# Visit around Keukenhof



## Dido (May 14, 2014)

Last week we taked a few days out. 
And visited the area of Keukenhof in the NL

This year flowers was nearly over only a few pics from the landscape


----------



## NYEric (May 14, 2014)

Thanks for sharing anyway.  
How's things at work?


----------



## gonewild (May 14, 2014)

NYEric said:


> Thanks for sharing anyway.
> How's things at work?



Obviously Dido is not at work!


----------



## abax (May 14, 2014)

Beautiful flower overload...POW!


----------



## SlipperFan (May 14, 2014)

What a sight!


----------



## Dido (May 15, 2014)

NYEric said:


> Thanks for sharing anyway.
> How's things at work?



Getting wors, we are sold now to a Us Company 

Oh well my time there maybe will come to an end. 

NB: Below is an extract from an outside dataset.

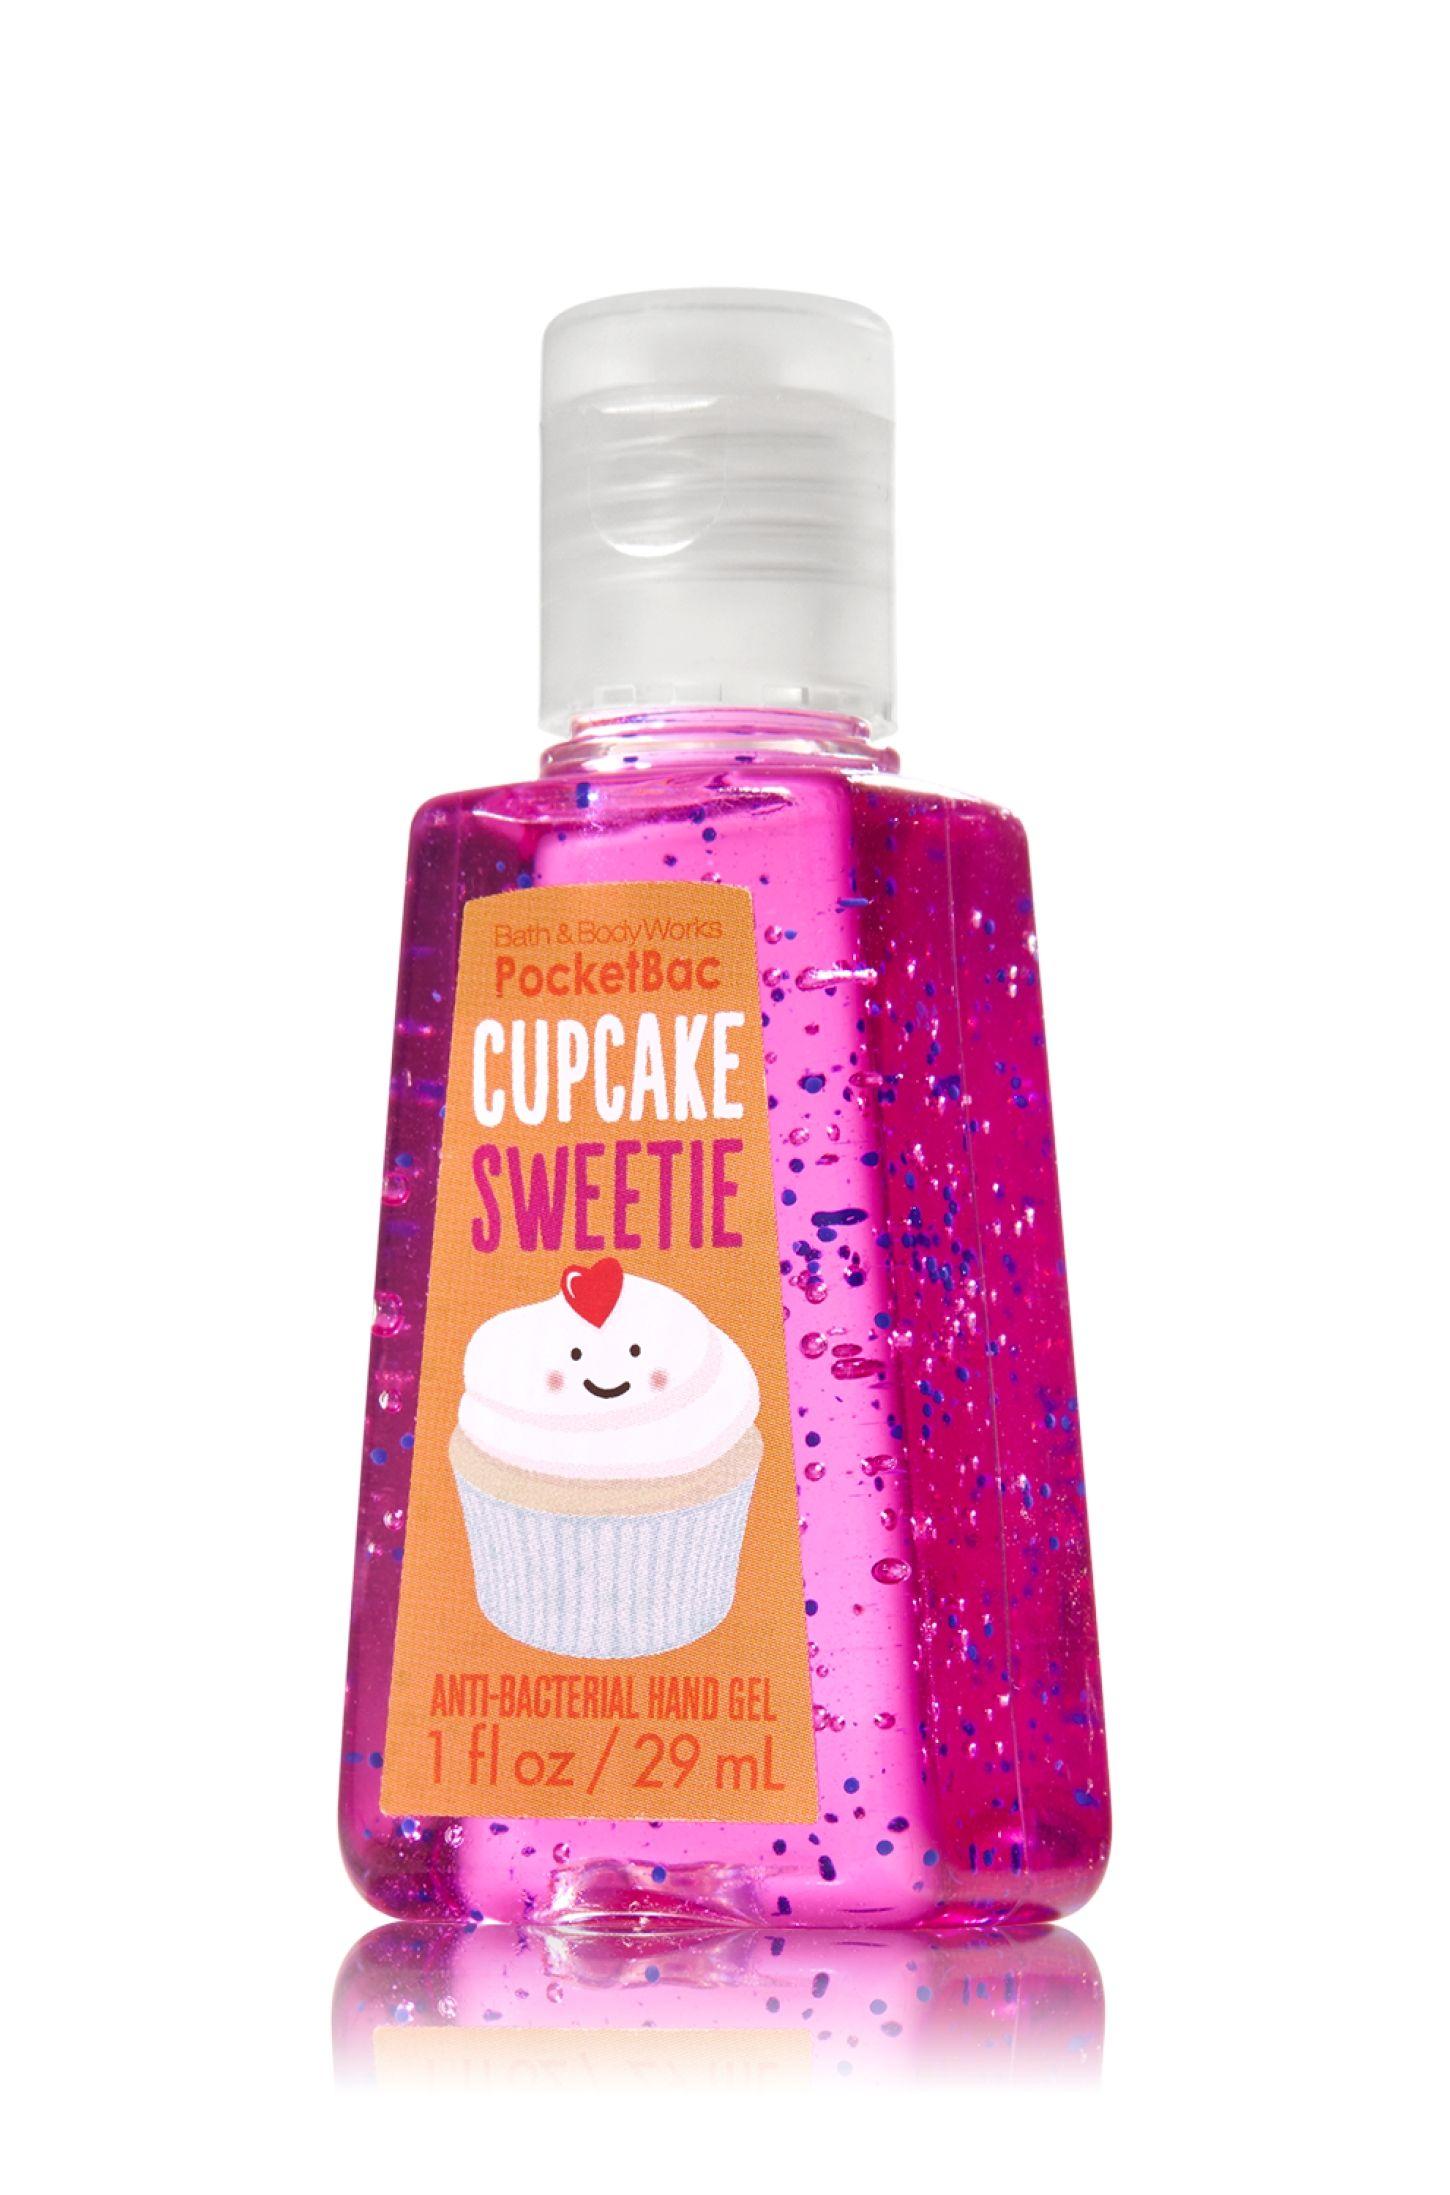 Cupcake Sweetie Bath Body Works Pocketbac Sanitizing Hand Gel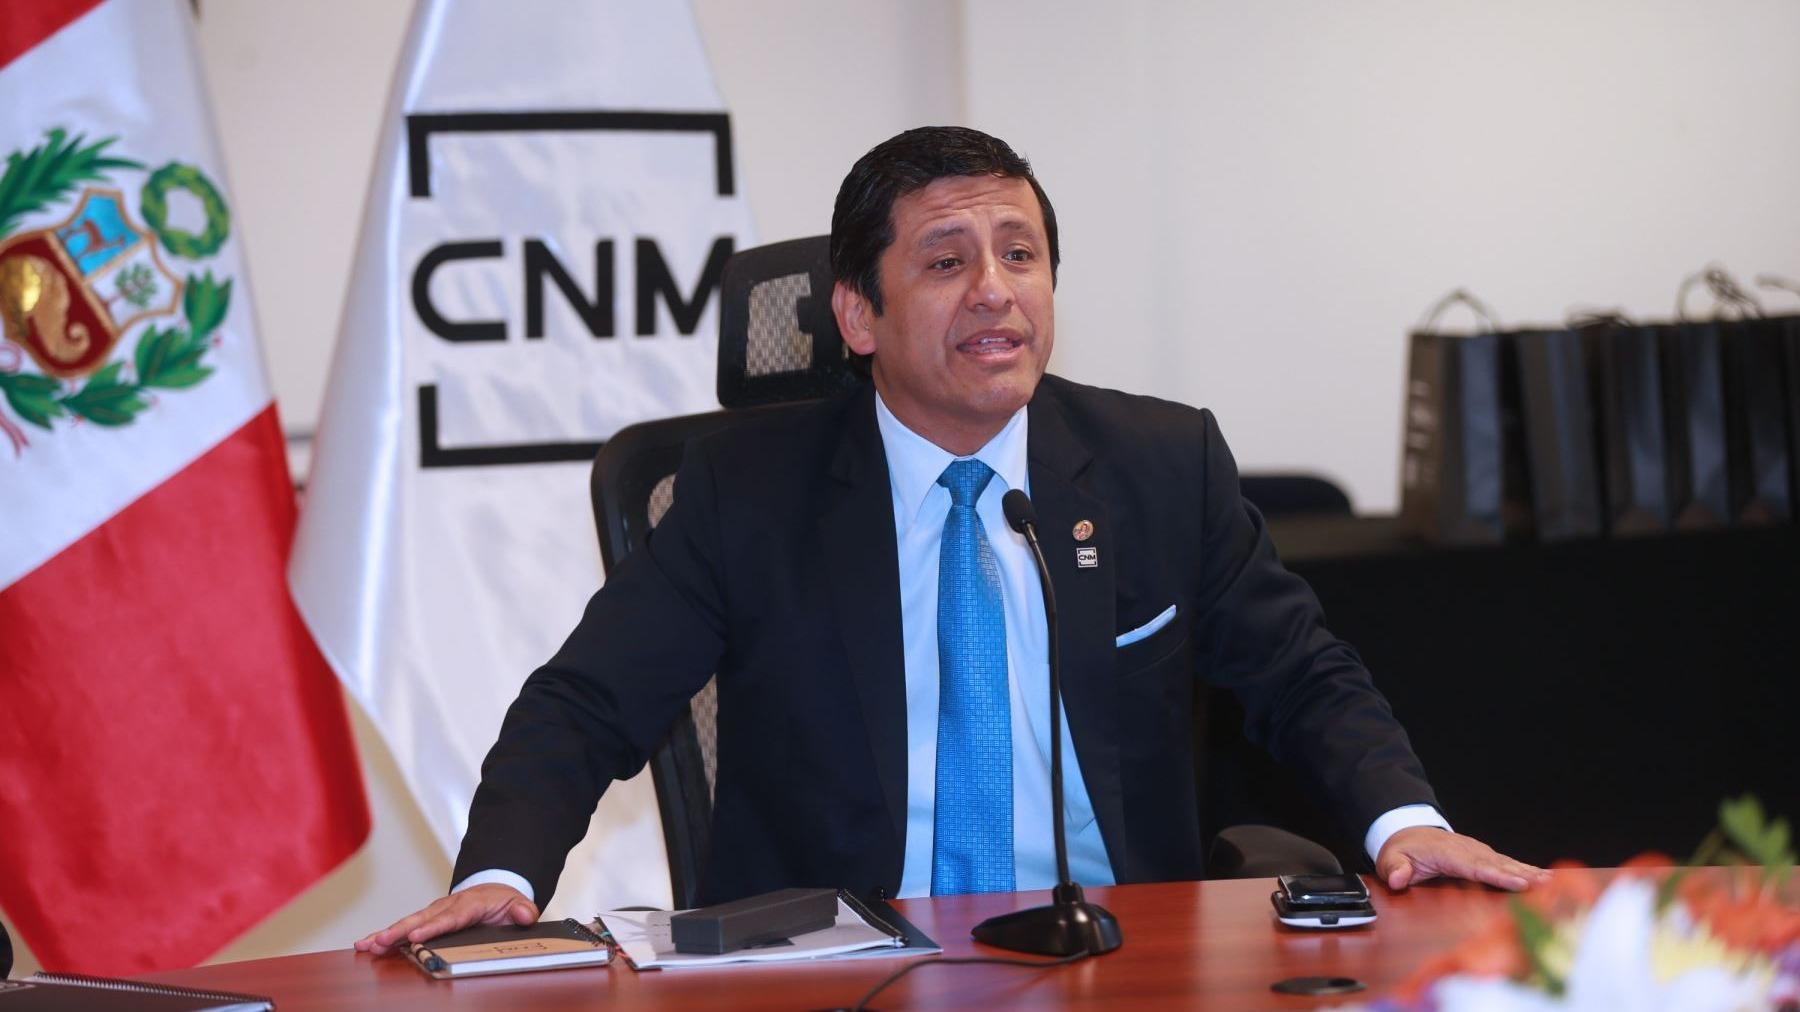 Aprueban denuncia constitucional contra expresidente del desactivado CNM.

This is why I needed some days with the family. We where at burgers zoo too, I think one of the best in europe, but not orchids....


----------



## KyushuCalanthe (May 15, 2014)

Well those photos confirm the idea that all tulips are grown in Holland only to be shipped to countries like Japan where they flower the first year, grow the next, and then perish - sounds like a good business model :rollhappy:


----------



## cnycharles (May 15, 2014)

Actually millions of bulbils are sent to the greenhouse in Virginia where we are leasing space; other lessee sells millions of cut flower tulips on major holidays and steady supply rest of time; all starts are shipped from holland

Sp error
Sent from my iPhone using Tapatalk


----------



## JeanLux (May 16, 2014)

The aera is esp. beautiful at this time of the year!!!! Jean


----------



## Trithor (May 17, 2014)

Burger Bush is my favorite get-away during winter. Not too many places that you can wander arround in a 'tropical rainforest' complete with reptiles and fruit bats in the middle of winter in Europe (and it is a mere few km from home)


----------